The output is a word-for-word repeat of the listing below, free of images.

**RECORDED INFORMATION**
- - - -

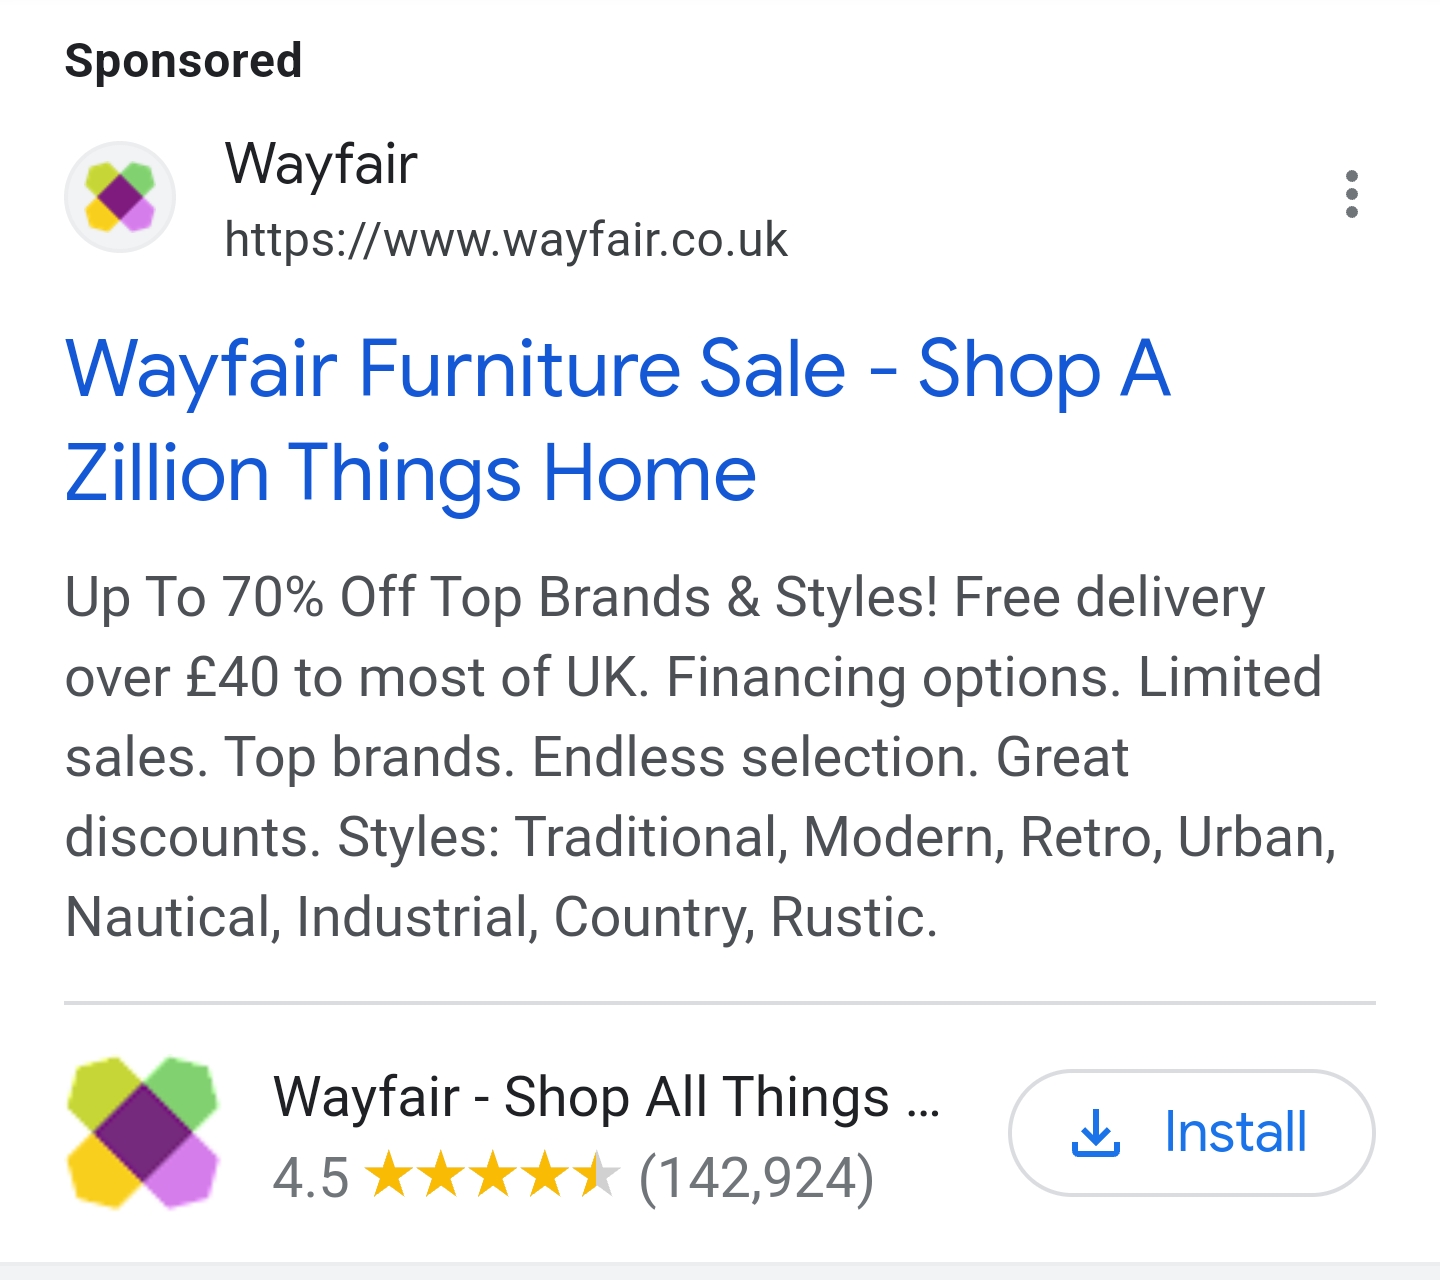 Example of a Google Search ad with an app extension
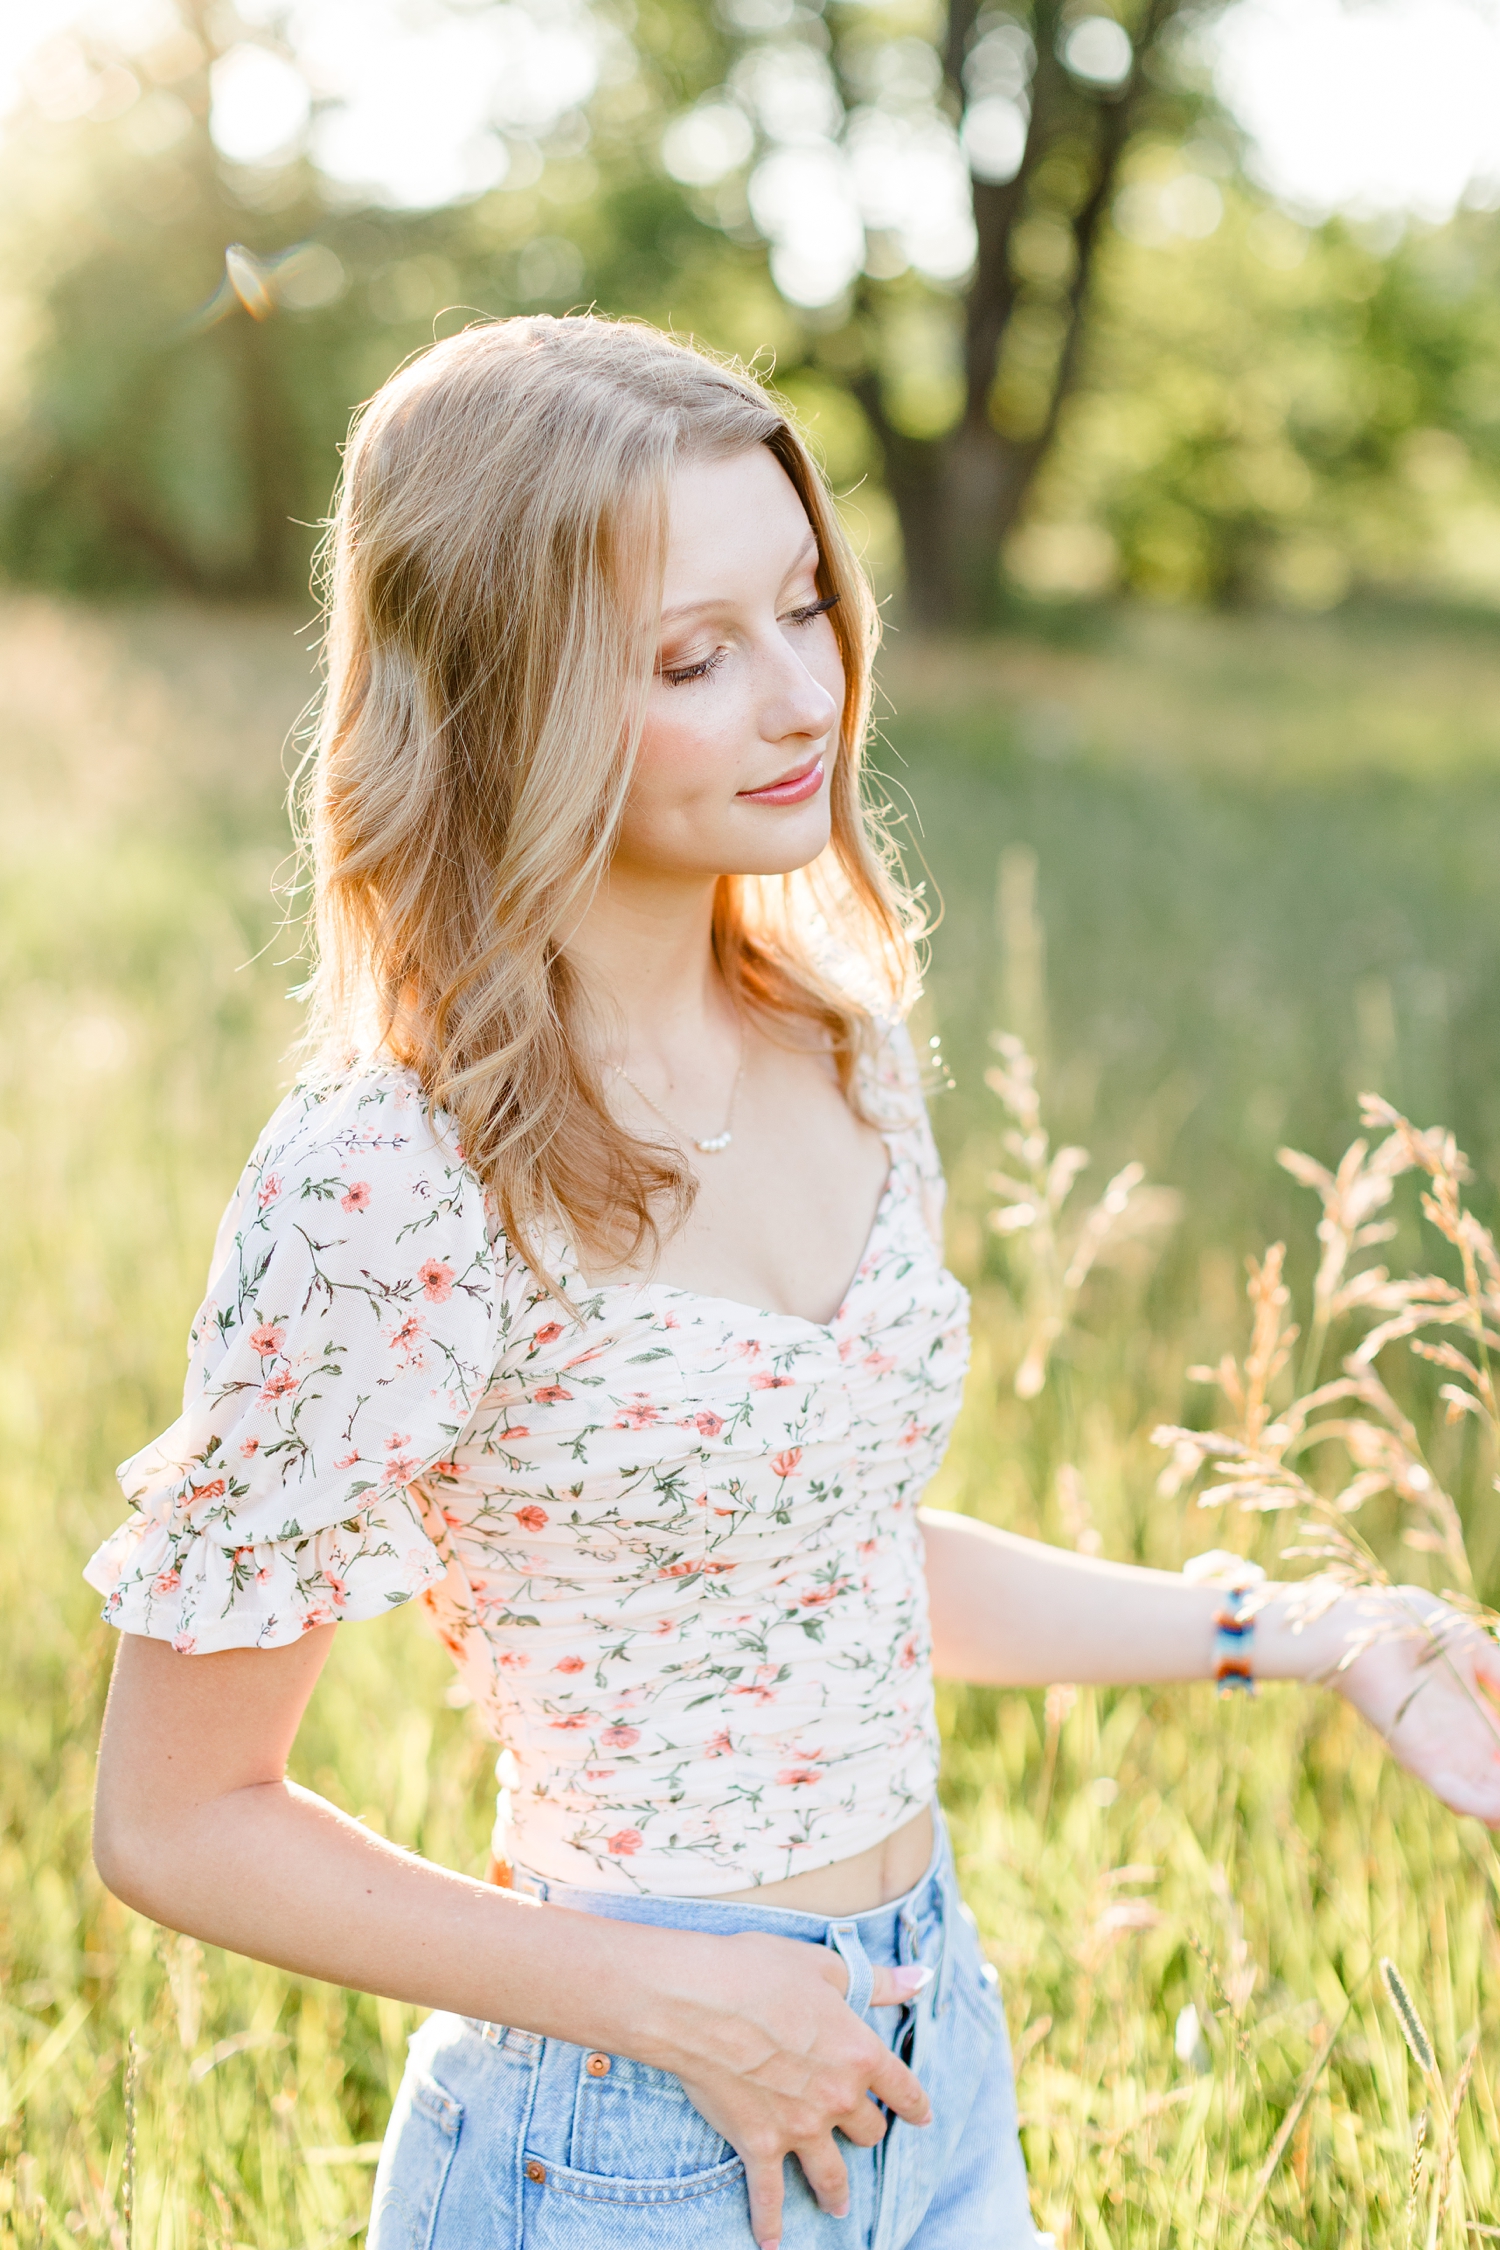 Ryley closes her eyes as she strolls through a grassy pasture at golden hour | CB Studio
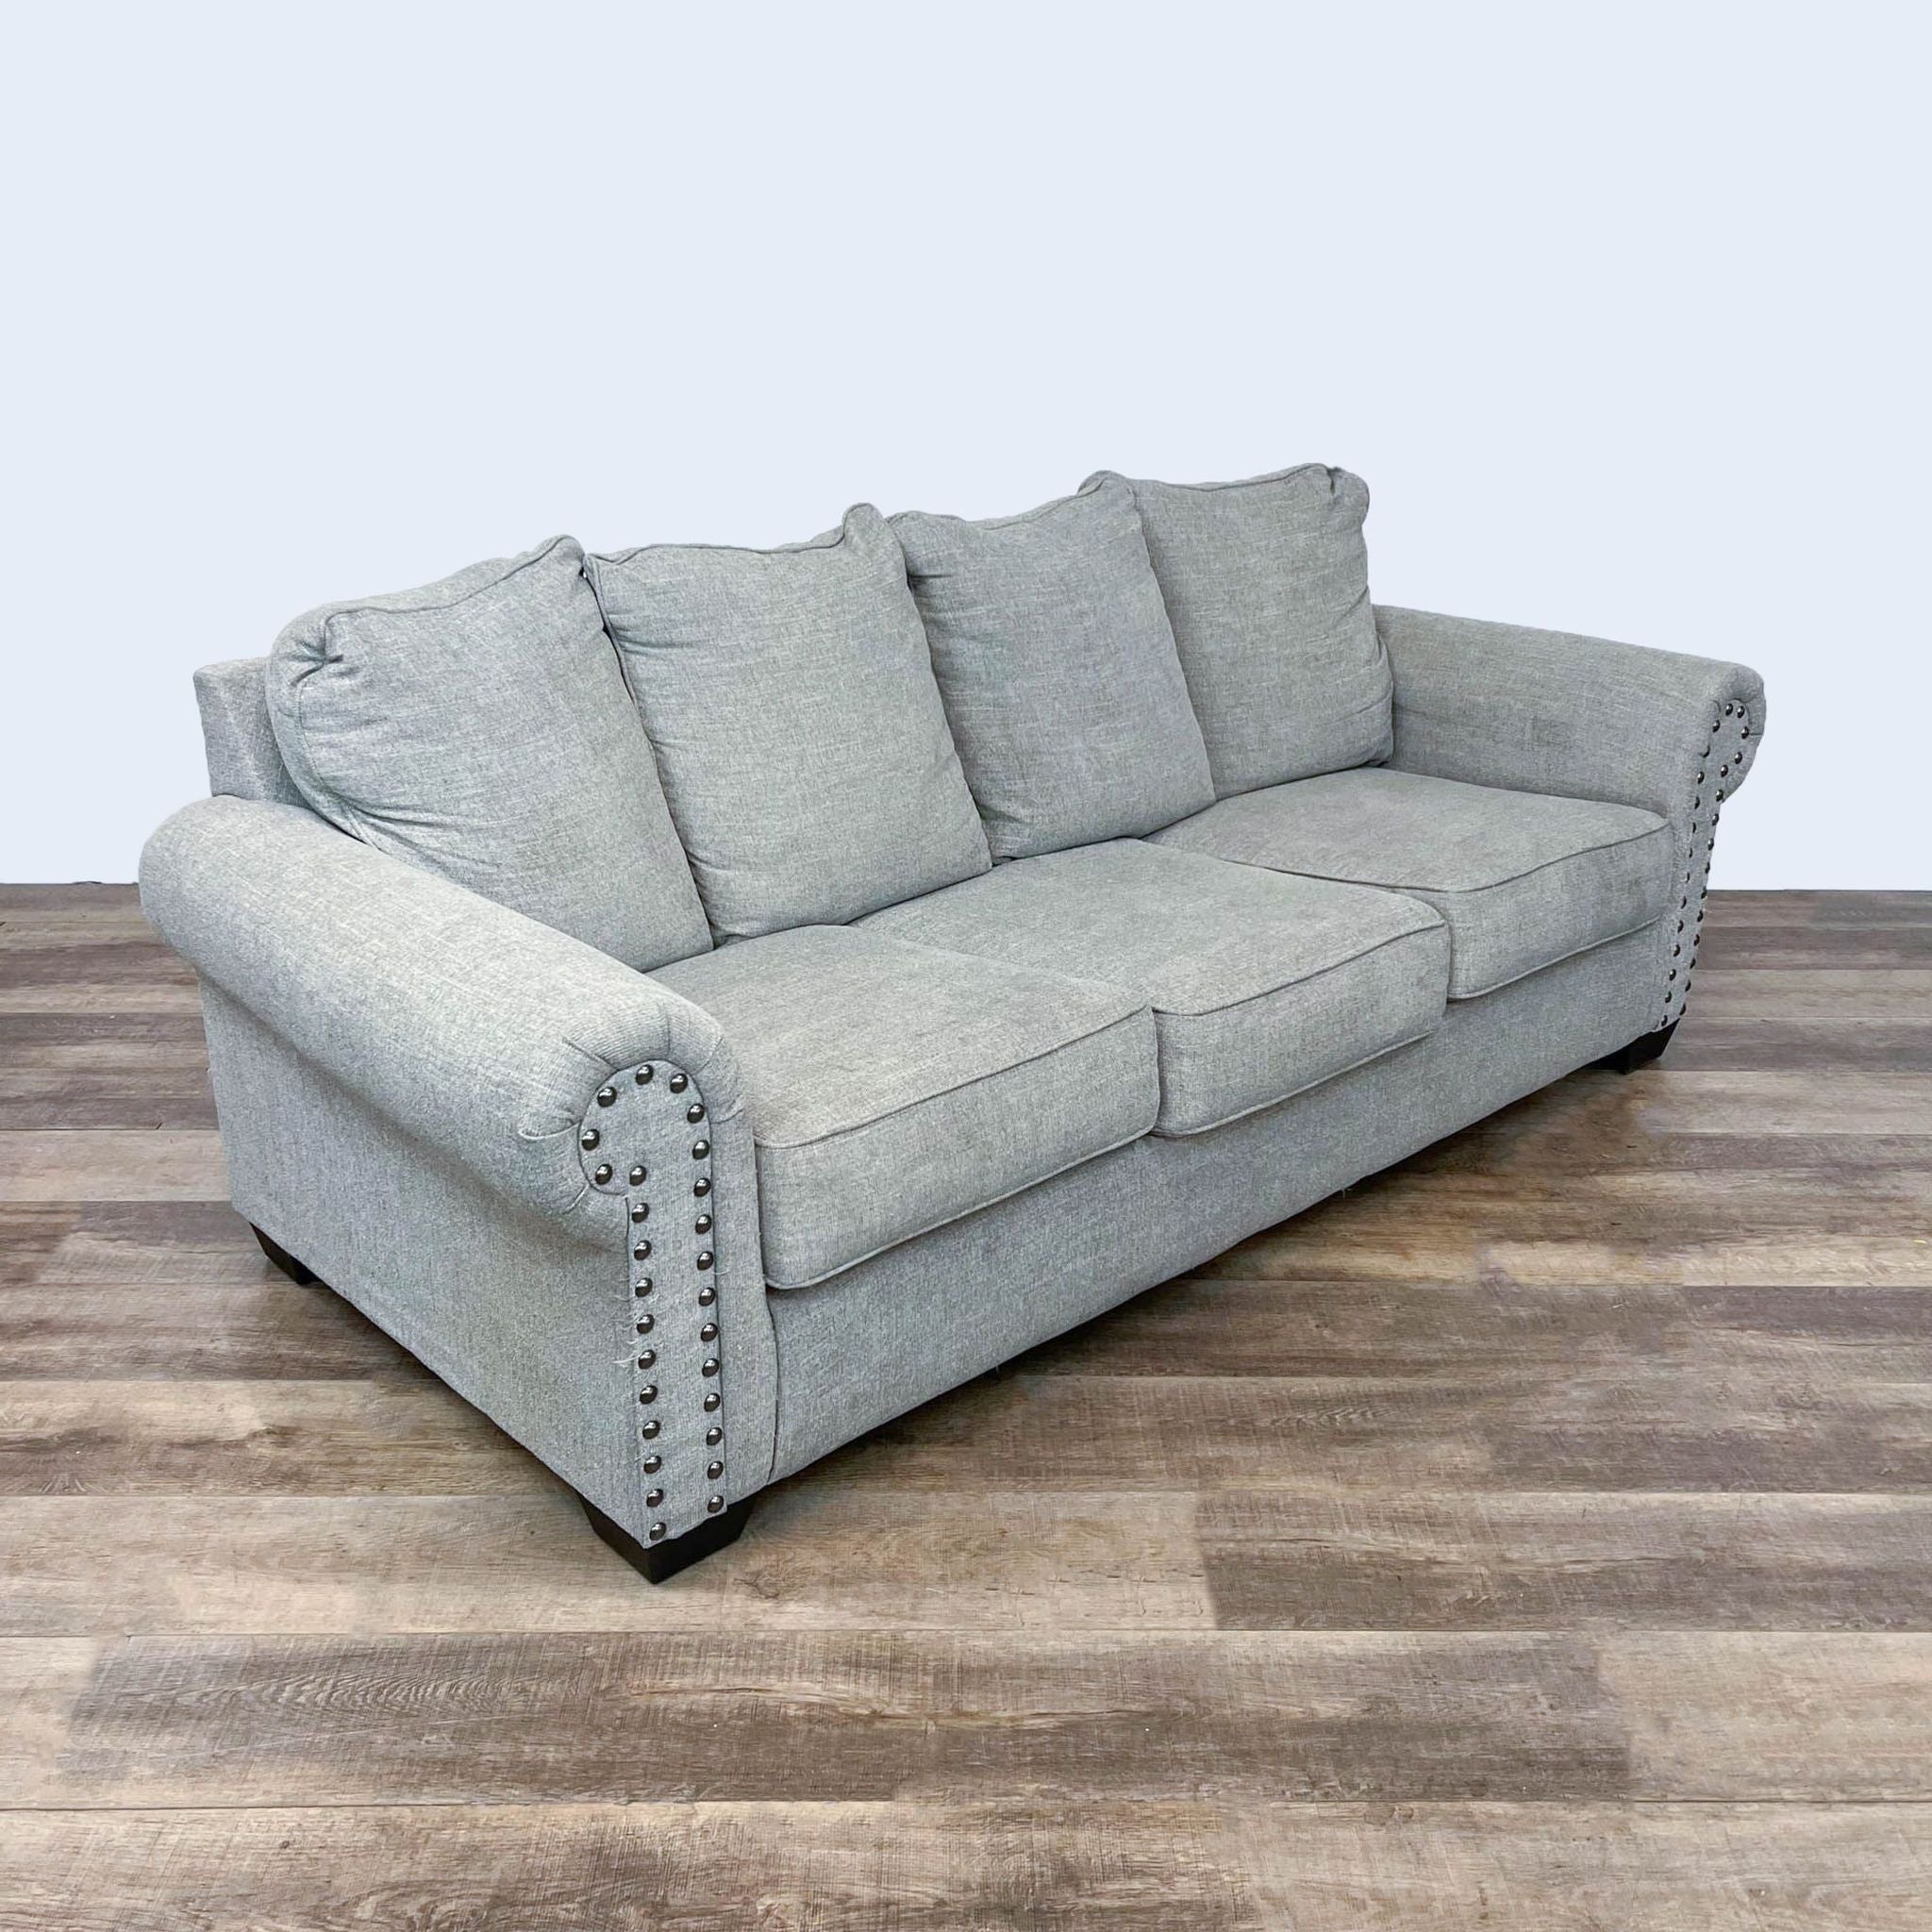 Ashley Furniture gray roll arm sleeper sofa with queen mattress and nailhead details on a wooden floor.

- - - -

**SOLUTION TO THE PROBLEM**
 Example of a Google Search ad with an app extension
 Ryley closes her eyes as she strolls through a grassy pasture at golden hour | CB Studio
 Ashley Furniture gray roll arm sleeper sofa with queen mattress and nailhead details on a wooden floor.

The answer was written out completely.